A greater obesity duration is associated with worse values for all cardiometabolic disease factors, according to a new study published this week in PLOS Medicine by Tom Norris of Loughborough University, UK, and colleagues.

People with obesity do not all share the same risk for the development of cardiometabolic disease risk factors. The duration a person has spent with obesity over their lifetime has been hypothesized to affect this variation. In the new study, researchers used data from three British birth cohort studies that collected information on body mass index from age 10 to 40 as well as cardiometabolic disease risk factors — blood pressure, cholesterol and glycated hemoglobin (blood sugar) measurements — in 20,746 participants.

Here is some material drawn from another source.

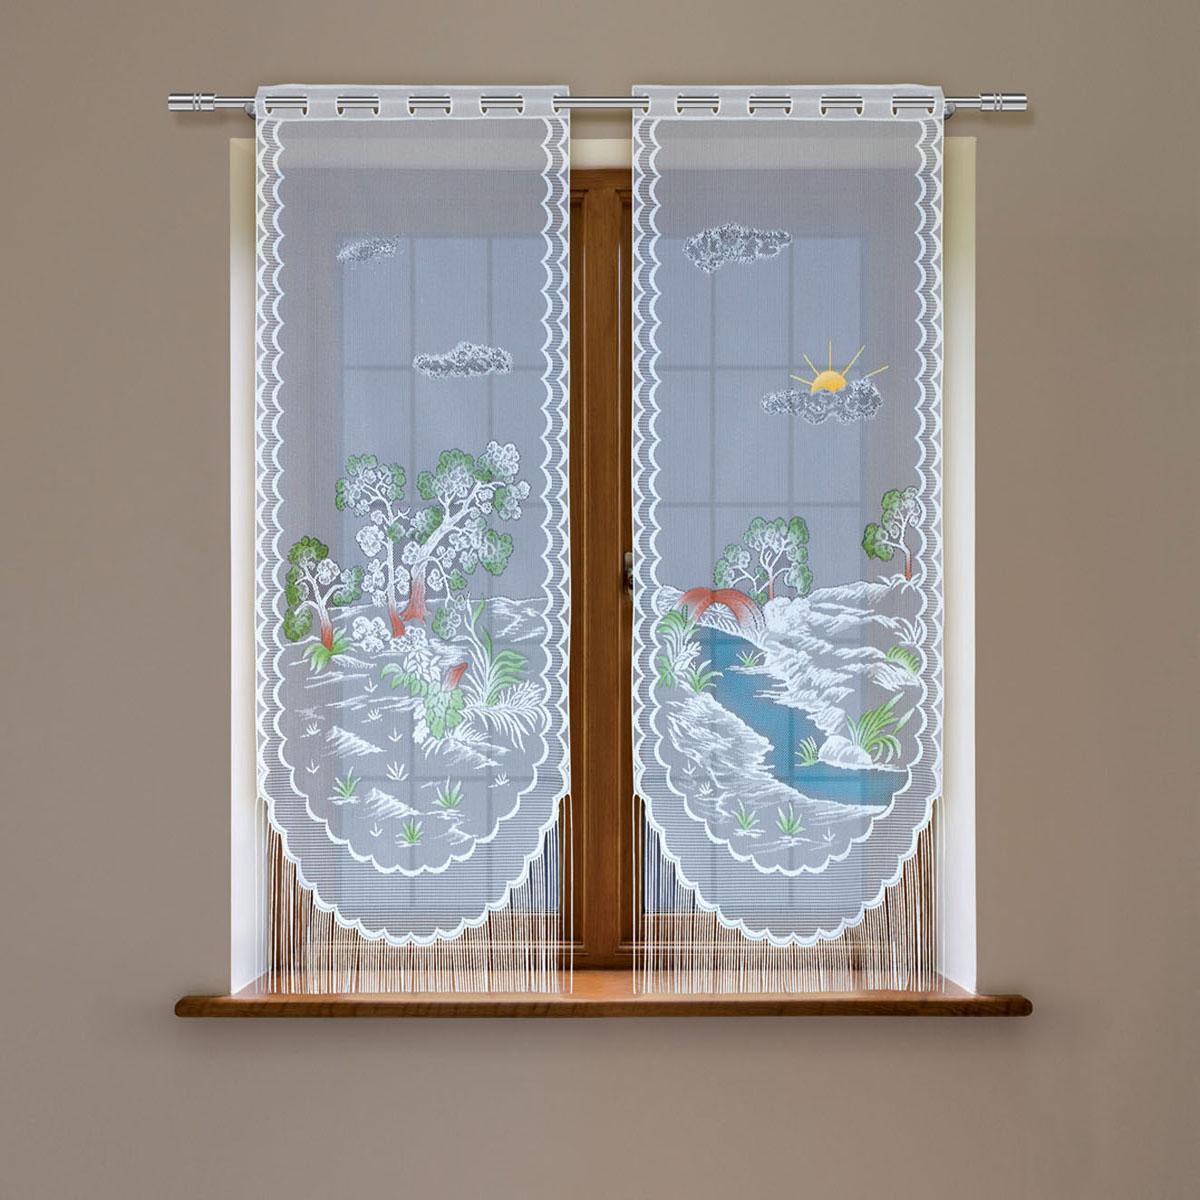 Гардина Haft, цвет: белый, высота 220 смHP20288/1/1E Зебра бежевая, , 145*180(2шт)+подхватГардина имеет в верхней части полотна прорези, через которые гардина-витраж вывешивается на карниз или можно крепить на зажим для штор,котрый в комплект не входит.Комплект состоит из двух полотен (выс.220* шир.60) Размеры: (высота 220* ширина 60)*2

More years of obesity was associated with worse values for all measured cardiometabolic risk factors. The association was particularly strong for glycated hemoglobin, or HbA1c; those with less than five years of obesity had a 5% higher HbA1c (95%Confidence Interval 4-6) compared to people with no years of obesity, while those with 20 to 30 years of obesity had a 20% higher HbA1c (95%CI 17-23) compared to people with no obesity. Importantly, this increased risk persisted when adjustment was made for a robust measure of life course obesity severity. Other measures of cardiometabolic disease risk (systolic and diastolic blood pressure, high density-lipoprotein cholesterol) were also associated with obesity duration, though these were largely attenuated when adjusting for obesity severity.

“Our findings suggest that health policy recommendations aimed at preventing early obesity onset, and therefore reducing lifetime exposure, may help reduce risk of diabetes, independently of obesity severity,” the authors say.